DESCRIPTION OF THE TASK: Every record below is to be restated word for word.

══ DATA UNDER STUDY

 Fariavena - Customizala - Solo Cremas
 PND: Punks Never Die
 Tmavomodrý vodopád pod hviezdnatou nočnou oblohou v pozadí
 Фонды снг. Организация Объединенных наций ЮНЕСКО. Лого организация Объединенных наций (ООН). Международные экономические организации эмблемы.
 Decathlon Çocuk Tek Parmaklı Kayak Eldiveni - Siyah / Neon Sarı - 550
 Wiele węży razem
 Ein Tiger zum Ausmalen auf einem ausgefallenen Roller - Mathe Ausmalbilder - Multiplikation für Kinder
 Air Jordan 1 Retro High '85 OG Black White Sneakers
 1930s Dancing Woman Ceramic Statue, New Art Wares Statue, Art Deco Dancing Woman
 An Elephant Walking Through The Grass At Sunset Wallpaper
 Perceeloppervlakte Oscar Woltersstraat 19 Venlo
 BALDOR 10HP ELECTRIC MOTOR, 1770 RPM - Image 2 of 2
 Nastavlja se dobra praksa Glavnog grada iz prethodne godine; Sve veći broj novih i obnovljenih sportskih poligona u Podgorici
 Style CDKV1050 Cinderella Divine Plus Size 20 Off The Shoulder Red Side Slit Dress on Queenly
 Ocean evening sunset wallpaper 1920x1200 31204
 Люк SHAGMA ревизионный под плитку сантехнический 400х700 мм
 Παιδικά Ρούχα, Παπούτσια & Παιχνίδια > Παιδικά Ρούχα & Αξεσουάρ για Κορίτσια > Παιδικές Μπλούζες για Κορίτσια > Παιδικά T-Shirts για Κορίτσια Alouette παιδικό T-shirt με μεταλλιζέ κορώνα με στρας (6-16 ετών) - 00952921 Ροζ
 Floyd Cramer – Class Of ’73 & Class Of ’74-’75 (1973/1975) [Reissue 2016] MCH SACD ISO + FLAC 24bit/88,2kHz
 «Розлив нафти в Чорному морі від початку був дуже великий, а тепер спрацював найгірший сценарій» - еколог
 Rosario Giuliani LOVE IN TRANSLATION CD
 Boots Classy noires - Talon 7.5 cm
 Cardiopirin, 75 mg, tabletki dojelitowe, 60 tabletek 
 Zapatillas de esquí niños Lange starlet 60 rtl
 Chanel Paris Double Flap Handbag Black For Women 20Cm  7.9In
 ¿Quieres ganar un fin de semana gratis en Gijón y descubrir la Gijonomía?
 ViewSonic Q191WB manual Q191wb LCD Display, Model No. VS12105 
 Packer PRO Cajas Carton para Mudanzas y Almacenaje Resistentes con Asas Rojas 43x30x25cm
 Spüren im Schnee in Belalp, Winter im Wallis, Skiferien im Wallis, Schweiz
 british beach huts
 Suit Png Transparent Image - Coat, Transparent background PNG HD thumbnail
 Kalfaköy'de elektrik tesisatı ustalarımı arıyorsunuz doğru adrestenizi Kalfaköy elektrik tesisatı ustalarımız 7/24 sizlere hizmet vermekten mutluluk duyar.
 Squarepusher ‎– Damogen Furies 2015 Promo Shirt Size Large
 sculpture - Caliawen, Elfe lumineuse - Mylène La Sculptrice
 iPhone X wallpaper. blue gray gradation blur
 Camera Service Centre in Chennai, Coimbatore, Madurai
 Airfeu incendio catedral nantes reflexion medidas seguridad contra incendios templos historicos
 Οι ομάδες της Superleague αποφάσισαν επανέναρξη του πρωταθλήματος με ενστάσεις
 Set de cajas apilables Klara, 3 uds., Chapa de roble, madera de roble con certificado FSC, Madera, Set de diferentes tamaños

════

TASK OUTPUT:
 Fariavena - Customizala - Solo Cremas
 PND: Punks Never Die
 Tmavomodrý vodopád pod hviezdnatou nočnou oblohou v pozadí
 Фонды снг. Организация Объединенных наций ЮНЕСКО. Лого организация Объединенных наций (ООН). Международные экономические организации эмблемы.
 Decathlon Çocuk Tek Parmaklı Kayak Eldiveni - Siyah / Neon Sarı - 550
 Wiele węży razem
 Ein Tiger zum Ausmalen auf einem ausgefallenen Roller - Mathe Ausmalbilder - Multiplikation für Kinder
 Air Jordan 1 Retro High '85 OG Black White Sneakers
 1930s Dancing Woman Ceramic Statue, New Art Wares Statue, Art Deco Dancing Woman
 An Elephant Walking Through The Grass At Sunset Wallpaper
 Perceeloppervlakte Oscar Woltersstraat 19 Venlo
 BALDOR 10HP ELECTRIC MOTOR, 1770 RPM - Image 2 of 2
 Nastavlja se dobra praksa Glavnog grada iz prethodne godine; Sve veći broj novih i obnovljenih sportskih poligona u Podgorici
 Style CDKV1050 Cinderella Divine Plus Size 20 Off The Shoulder Red Side Slit Dress on Queenly
 Ocean evening sunset wallpaper 1920x1200 31204
 Люк SHAGMA ревизионный под плитку сантехнический 400х700 мм
 Παιδικά Ρούχα, Παπούτσια & Παιχνίδια > Παιδικά Ρούχα & Αξεσουάρ για Κορίτσια > Παιδικές Μπλούζες για Κορίτσια > Παιδικά T-Shirts για Κορίτσια Alouette παιδικό T-shirt με μεταλλιζέ κορώνα με στρας (6-16 ετών) - 00952921 Ροζ
 Floyd Cramer – Class Of ’73 & Class Of ’74-’75 (1973/1975) [Reissue 2016] MCH SACD ISO + FLAC 24bit/88,2kHz
 «Розлив нафти в Чорному морі від початку був дуже великий, а тепер спрацював найгірший сценарій» - еколог
 Rosario Giuliani LOVE IN TRANSLATION CD
 Boots Classy noires - Talon 7.5 cm
 Cardiopirin, 75 mg, tabletki dojelitowe, 60 tabletek 
 Zapatillas de esquí niños Lange starlet 60 rtl
 Chanel Paris Double Flap Handbag Black For Women 20Cm  7.9In
 ¿Quieres ganar un fin de semana gratis en Gijón y descubrir la Gijonomía?
 ViewSonic Q191WB manual Q191wb LCD Display, Model No. VS12105 
 Packer PRO Cajas Carton para Mudanzas y Almacenaje Resistentes con Asas Rojas 43x30x25cm
 Spüren im Schnee in Belalp, Winter im Wallis, Skiferien im Wallis, Schweiz
 british beach huts
 Suit Png Transparent Image - Coat, Transparent background PNG HD thumbnail
 Kalfaköy'de elektrik tesisatı ustalarımı arıyorsunuz doğru adrestenizi Kalfaköy elektrik tesisatı ustalarımız 7/24 sizlere hizmet vermekten mutluluk duyar.
 Squarepusher ‎– Damogen Furies 2015 Promo Shirt Size Large
 sculpture - Caliawen, Elfe lumineuse - Mylène La Sculptrice
 iPhone X wallpaper. blue gray gradation blur
 Camera Service Centre in Chennai, Coimbatore, Madurai
 Airfeu incendio catedral nantes reflexion medidas seguridad contra incendios templos historicos
 Οι ομάδες της Superleague αποφάσισαν επανέναρξη του πρωταθλήματος με ενστάσεις
 Set de cajas apilables Klara, 3 uds., Chapa de roble, madera de roble con certificado FSC, Madera, Set de diferentes tamaños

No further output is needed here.